Step 5: The memory pointer (hash bucket) from Step 4 points to the actual data, ideally if your hash index is unique then there will be on average 1 row per hash bucket, but it depends entirely on how many hash buckets you defined on the create table and how many unique values are in the hash index. Anyway, that aside, the row chain starts here. Each hash bucket tracks it’s own row chain – a bit like multiple heaps, one heap per hash bucket.

Hash Collisions

I’m going to go into depth here because I cover it in another post of mine: http://dataidol.com/tonyrogerson/2013/11/25/what-is-hashing-using-modulus-to-partition-data.

A collision is simply when two different pieces of data e.g. ‘Tony’, ‘Joseph’ are passed through the hash function and that hash function returns the same value e.g. 12345.

The Row Chain

I’m going to first introduce the simple way of looking at a row chain, a row chain on a table that has a single hash index, I will then expand to cover how multiple hash indexes are handled.

The figure above shows a row structure, the header can be up to 88 bytes and comprises of an 8 byte field used internally for things like Garbage Collection, two 8 byte timestamp fields defining the life-span of the row and an 8 byte index memory pointer field for each index (hash or range up-to a maximum of 8 indexes) defined on the table.

The row chain is formed by using the 8 byte index memory pointer field as a forward only linked list, rows are segmented by hash bucket and as such, the last row in the row chain for the hash bucket the index pointer will point to NULL rather than to the first row in the next hash bucket, it’s done like that for performance reasons – basically, think about the overhead involved keeping that up-to-date where the first row in the row chain is always the most recent version (or inserted row) – more on that on a post dedicated to MVCC (Multi-Version Concurrency Control).

Row Chains from multiple Hash Indexes

There is only one copy of the data, the 8 byte index pointer (per index) stored in the row header is used to materialise the row chain – you have a row chain per index holding multiple row versions for modifications, rows where there is a hash collision or in the case of range indexes where the key columns have the same value.

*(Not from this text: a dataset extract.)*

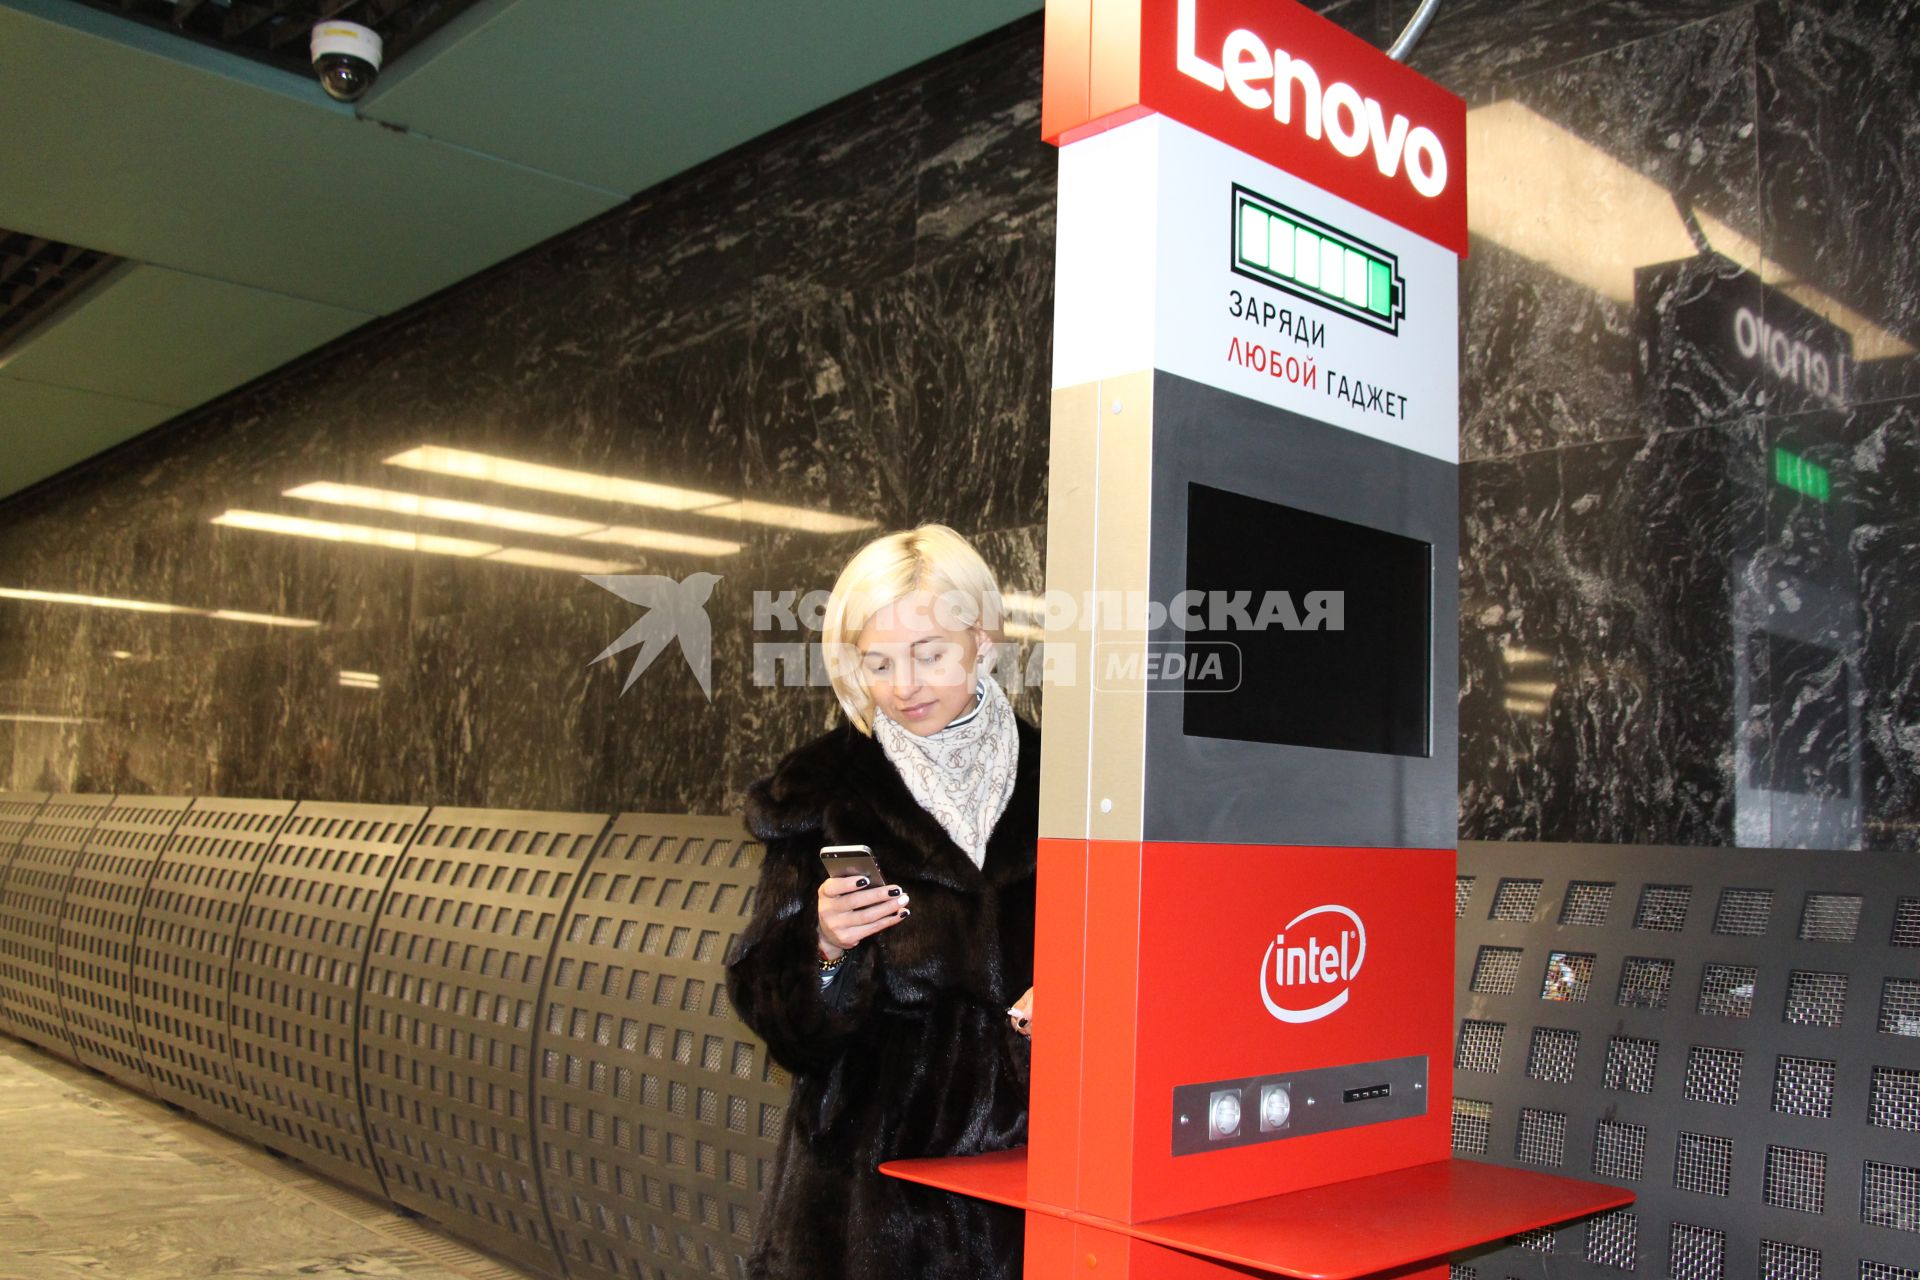 Москва. Девушка у стойки  для зарядки гаджета в вестибюле метро.
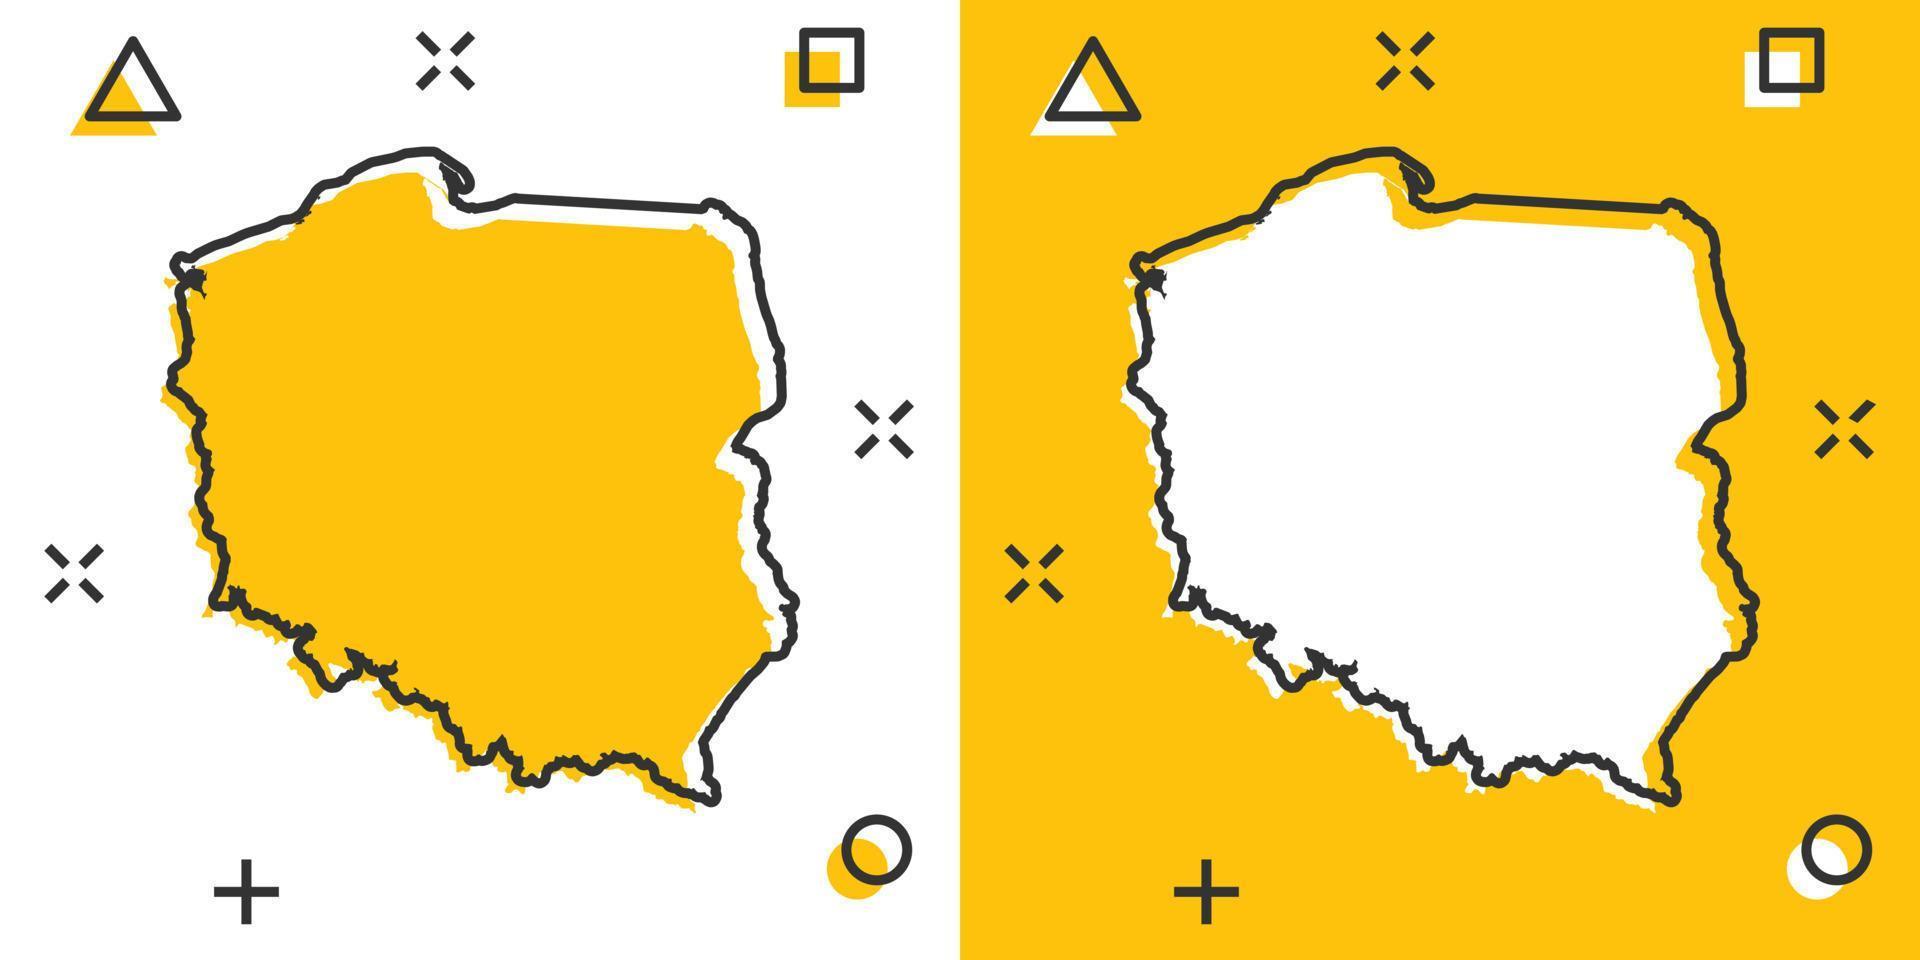 Vektor Cartoon Polen Kartensymbol im Comic-Stil. Polen Zeichen Abbildung Piktogramm. Kartografie-Karten-Business-Splash-Effekt-Konzept.

The figure above reflects a table having two hash indexes, for clarity the Mapping Tables for both hash indexes are not shown nor are the timestamp that reflect version as part of the MVCC in Hekaton.

There are two hash indexes and therefore two row chains, Col3 and Col5 each have a hash index, the number between ( ) shows which hash bucket the row has been hashed to and therefore forms a group of rows pinned to that hash bucket.

The [Index Col3 Pointer] and [Index Col5 Pointer] when read from top down shows you the row chain, for instance memory location 1 of [Index Col3 Pointer] points to the next row in the hash bucket group at memory location 2, then location 5. The last row in the hash bucket group points to NULL.

The diagram below shows data organised by hash bucket, it clearly shows the row chain.

That concludes this introductory post to row chains for hash indexing, some more topics I’ll cover in the near future are how versioning works and how range indexing with BW-Tree’s work.

SQL Server Hekaton In-memory tables: Understanding the Row Chains of Hash Indexes

Trending Articles

Scuffham Amps - S-GEAR 2.6.0 VST, AAX, STANDALONE x86 x64 (R2R NO iLok2, +NO...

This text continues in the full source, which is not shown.